Devlet yaptırımları ile halkı korkutmaya çalışırdı.
Bankalar yaptırımları ile halkın dijital para birimlerine yönelmelerini engellerdi.
Merkez bankası ekonominin içine etmek amaçlı daha fazla para basardı.
Yargı yasalarla bu dijital sistemleri engellemeye çalışırdı.
Über’in ülkemizde yaşadığı sorunlar biliniyor. Onun yüzbin katı fazla tepki düşünün.
Altın stokçuları, borsada oynayan tipler, ekonomistler dijital para birimleri karşısında korkudan altına sıçıyor. Ama biliyoruz ki tekel ortadan kalkıp serbest piyasa ekonomisi ile rekabet gelse tüm fiyatlar zaten düşecek. Bu para piyasaları için de geçerli.
Kripto para birimleri bir ilerleme değil, gerekliliktir.
Ama kripto para birimleri de bir tık ileri giderek gerçek bağımsız para birimine dönüşmelidir.
Bitcoin
Daha önce farklı varyasyonları denenmiş fakat başarılı olamamış dijital para birimleri var. Bitcoin bunlardan farklı olarak bir “paranın” geçirdiği tüm alışverişleri tarihçesinde barındırıyor ve aynı anda iki alışverişde aynı paranın kullanımını engelliyor.
Yani elinizde tuttuğunuz kağıt paranın basıldığı andan itibaren geçirdiği tüm alışverişleri görebildiğinizi düşünün. Darphane parayı basmış, Halk Bankasına gitmiş, Ayşe teyze emekli maaşı olarak çekmiş, pazarcı hamdi abiden çarliston biber almış, Hamdi abi oğlanın telefonunu ödemiş, telefoncu para üstü olarak size veriyor. Kara paranın sonu gelmez miydi?
Bu kadar ayrıntılı olmasa da belli bir tarihçe kripto para birimlerinde var.
Bir sistemin bozulmaması, hackerlar tarafından kırılmaması, saldırıya uğramaması için ne gerekir. Şeffaflık tabii ki. Bir sistemin tüm yaptığı işler ayan beyan ortada olsa, kim saldırmak ister ki?

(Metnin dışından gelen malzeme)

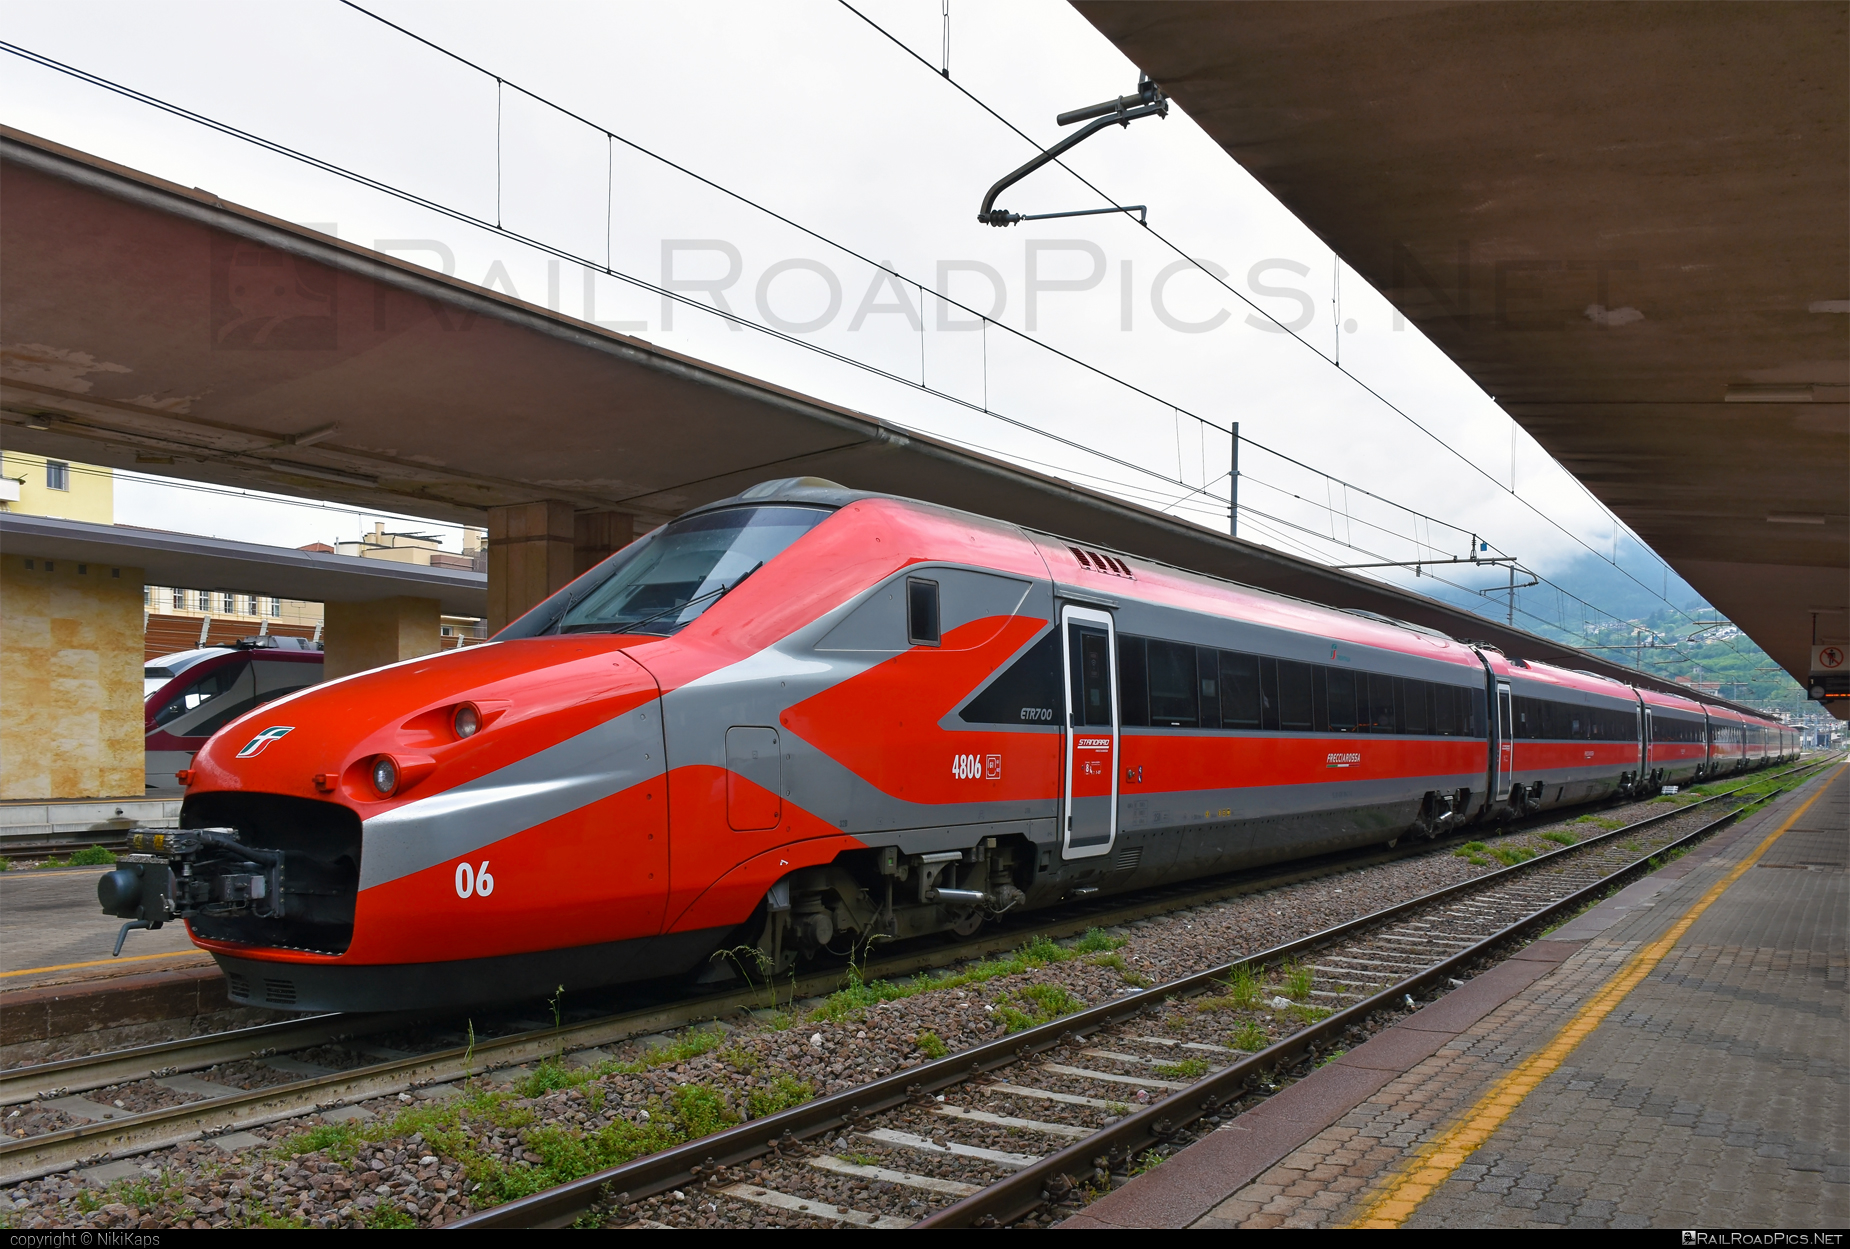 AnsaldoBreda ETR.700 - 4806 operated by Trenitalia S.p.A. #ansaldoBreda #ansaldoBredaEtr700 #etr700 #ferroviedellostato #frecciarossa #fs #fsitaliane #lefrecce #trenitalia #trenitaliaspa

Kripto Para birimlerinde her şey şeffaf.
Bankaların bastığı para ile dönen ekonomide, kesilen ücretler, alınan faizler neden var? Çünkü belli bir oranda sistemin aksayacağı öngörülmüş. Bu öngörüm de belli bir maliyetle beraber geliyor. Bu maliyet tekrar sistemi kullanan kullanıcılara yükleniyor. Kripto para birimleri banka gibi aracıları ve MB gibi para üreticilerini ortadan kaldırdığı için herhangi bir işlem ücreti yok.
Uluslarası “kripto para” göndermek saniyelerle ölçülüyor. Çünkü her şey dijital.
Telefonunuza kurduğunuz cüzdan uygulaması para yerine şifreli dijital bir kod tutuyor (token). Token iki cüzdan arasında aktarılabiliyor (bir şey alırken ödeme yapıyoruz).
Alışverişin güvenliği ağ üzerinde çalışan tüm blockchain cihazları tarafından sağlanıyor. Blockchain bir muhasebe defteri gibi her türlü girdi/çıktıyı kaydediyor.
Bir kere para gönderdiğinizde, a yanlış göndermişim, geri alayım diyemiyorsunuz. Hiç kimse ya da cihaz o transferi geri alamaz.
Transferler ve cüzdanlar gerçek kişilere bağlı değil. Yaptığınız transfer üzerinden hiç kimse kimliğinize ulaşamaz.
Kripto para birimleri henüz benim istediğim kadar bağımsız değil. Ayrıca halkın ve ticaretin kripto para birimlerini kabul etme hızı henüz çok yavaş.
Teknoloji ilerleyip quantum bilgisayarlar her evde belirmeye başladığında güçlü algoritmalar ve şifreleme metotları ile güvenilir sistemler doğacaktır. Bu sistemlerden bir tanesi de paranın saltanatına son verecektir diye umuyorum.